● Data extract
========
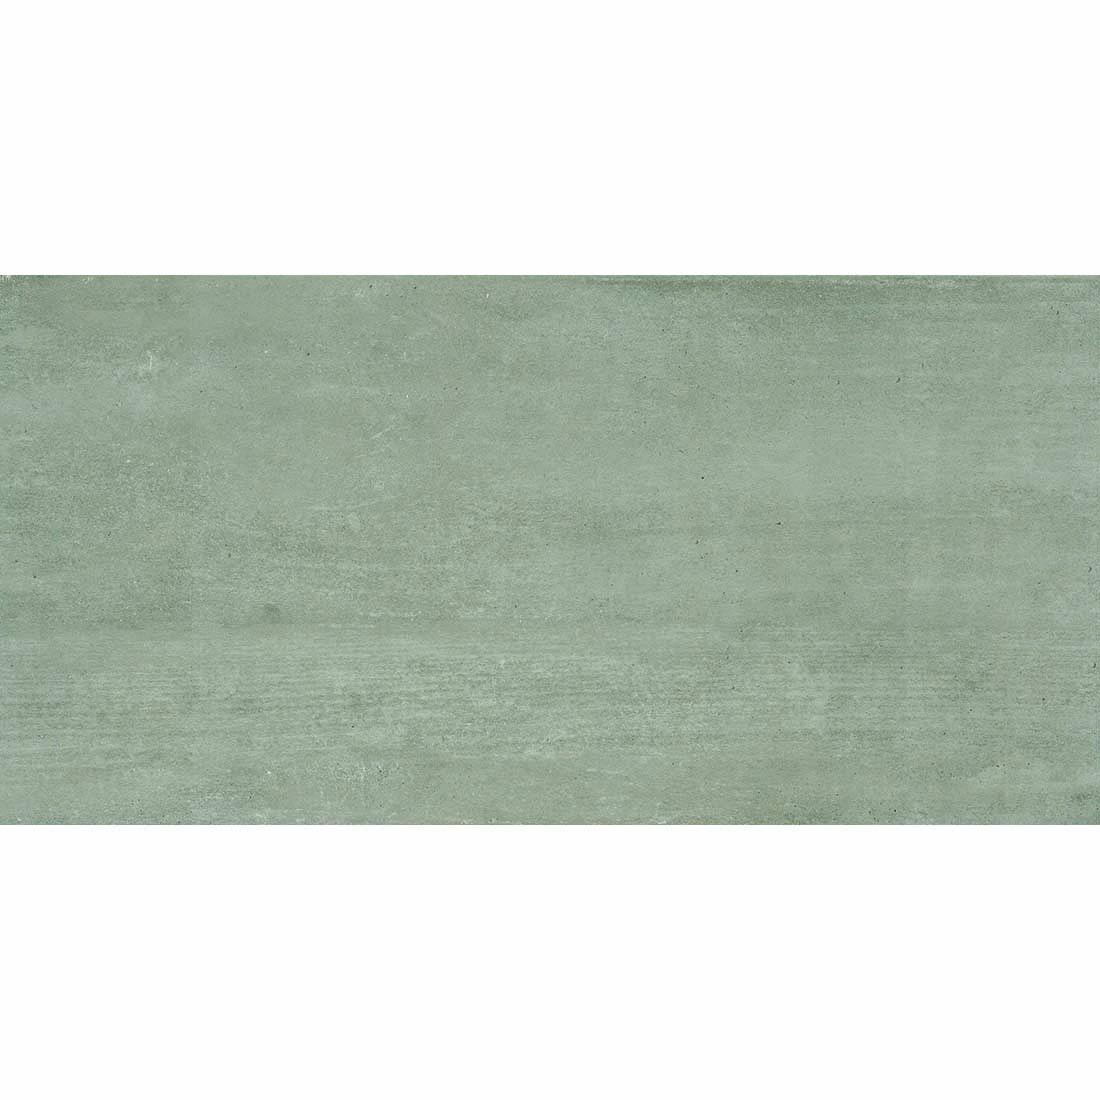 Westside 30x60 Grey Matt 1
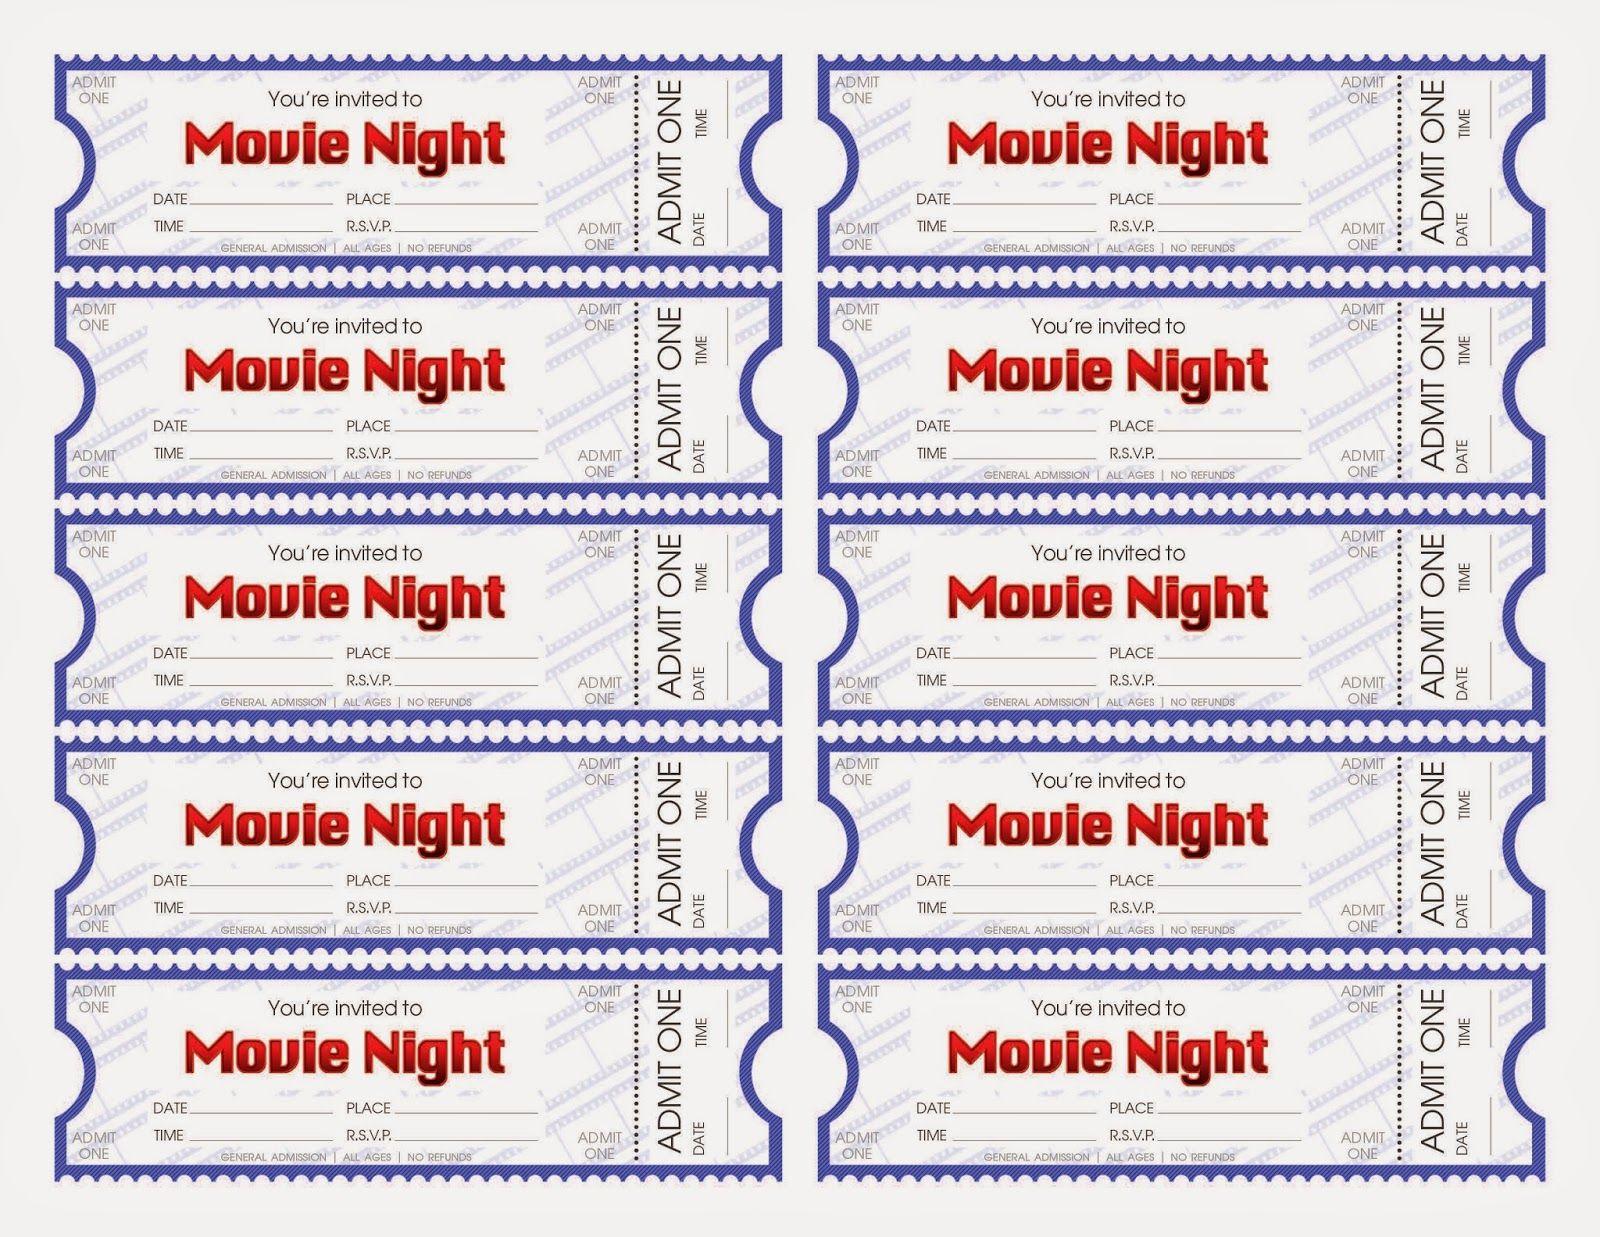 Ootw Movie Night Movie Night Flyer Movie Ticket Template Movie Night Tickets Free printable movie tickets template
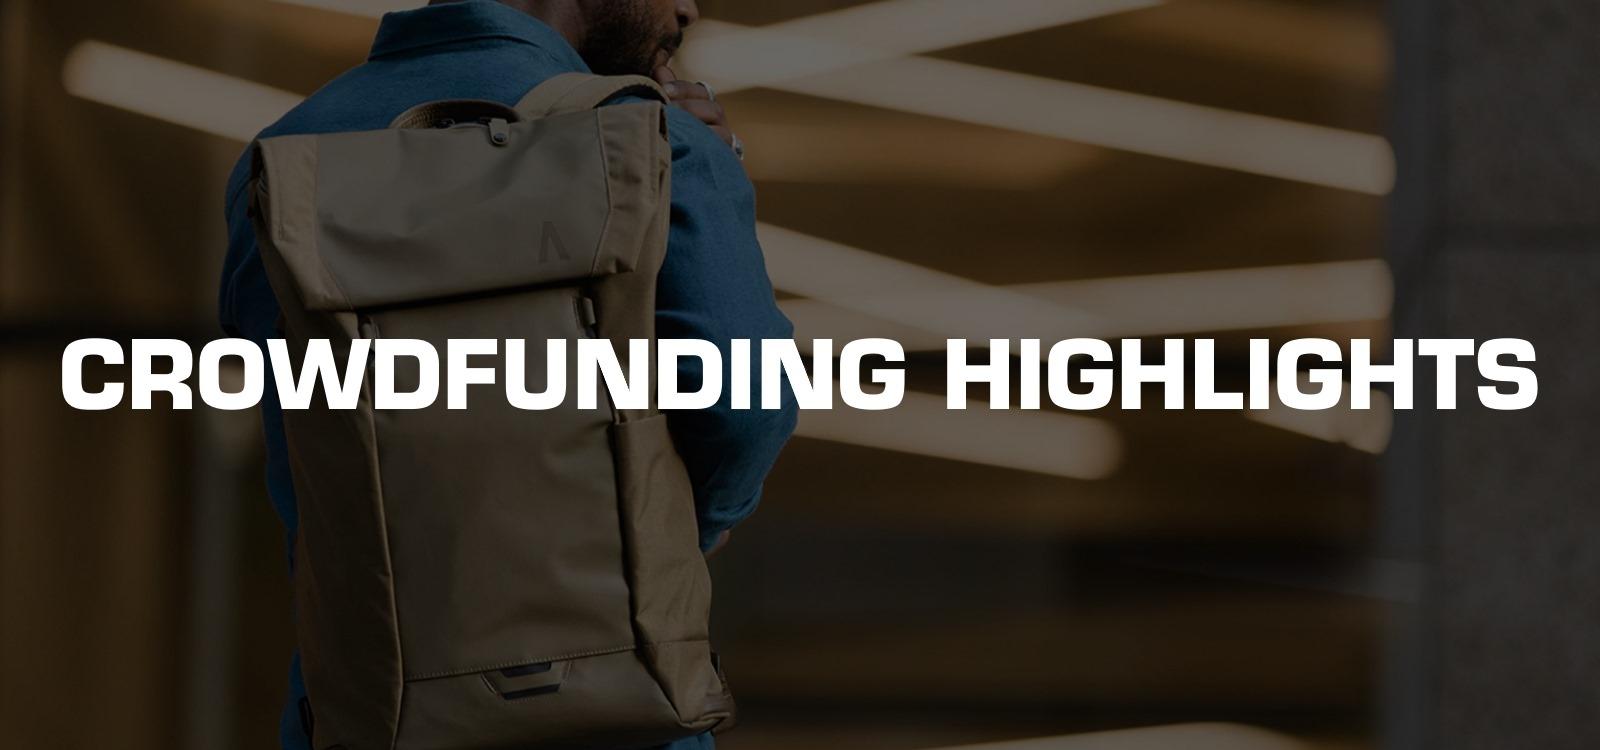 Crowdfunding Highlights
========
Output the full listing verbatim; pictures stay out.

 Westside 30x60 Grey Matt 1
 Ootw Movie Night Movie Night Flyer Movie Ticket Template Movie Night Tickets Free printable movie tickets template
 Crowdfunding Highlights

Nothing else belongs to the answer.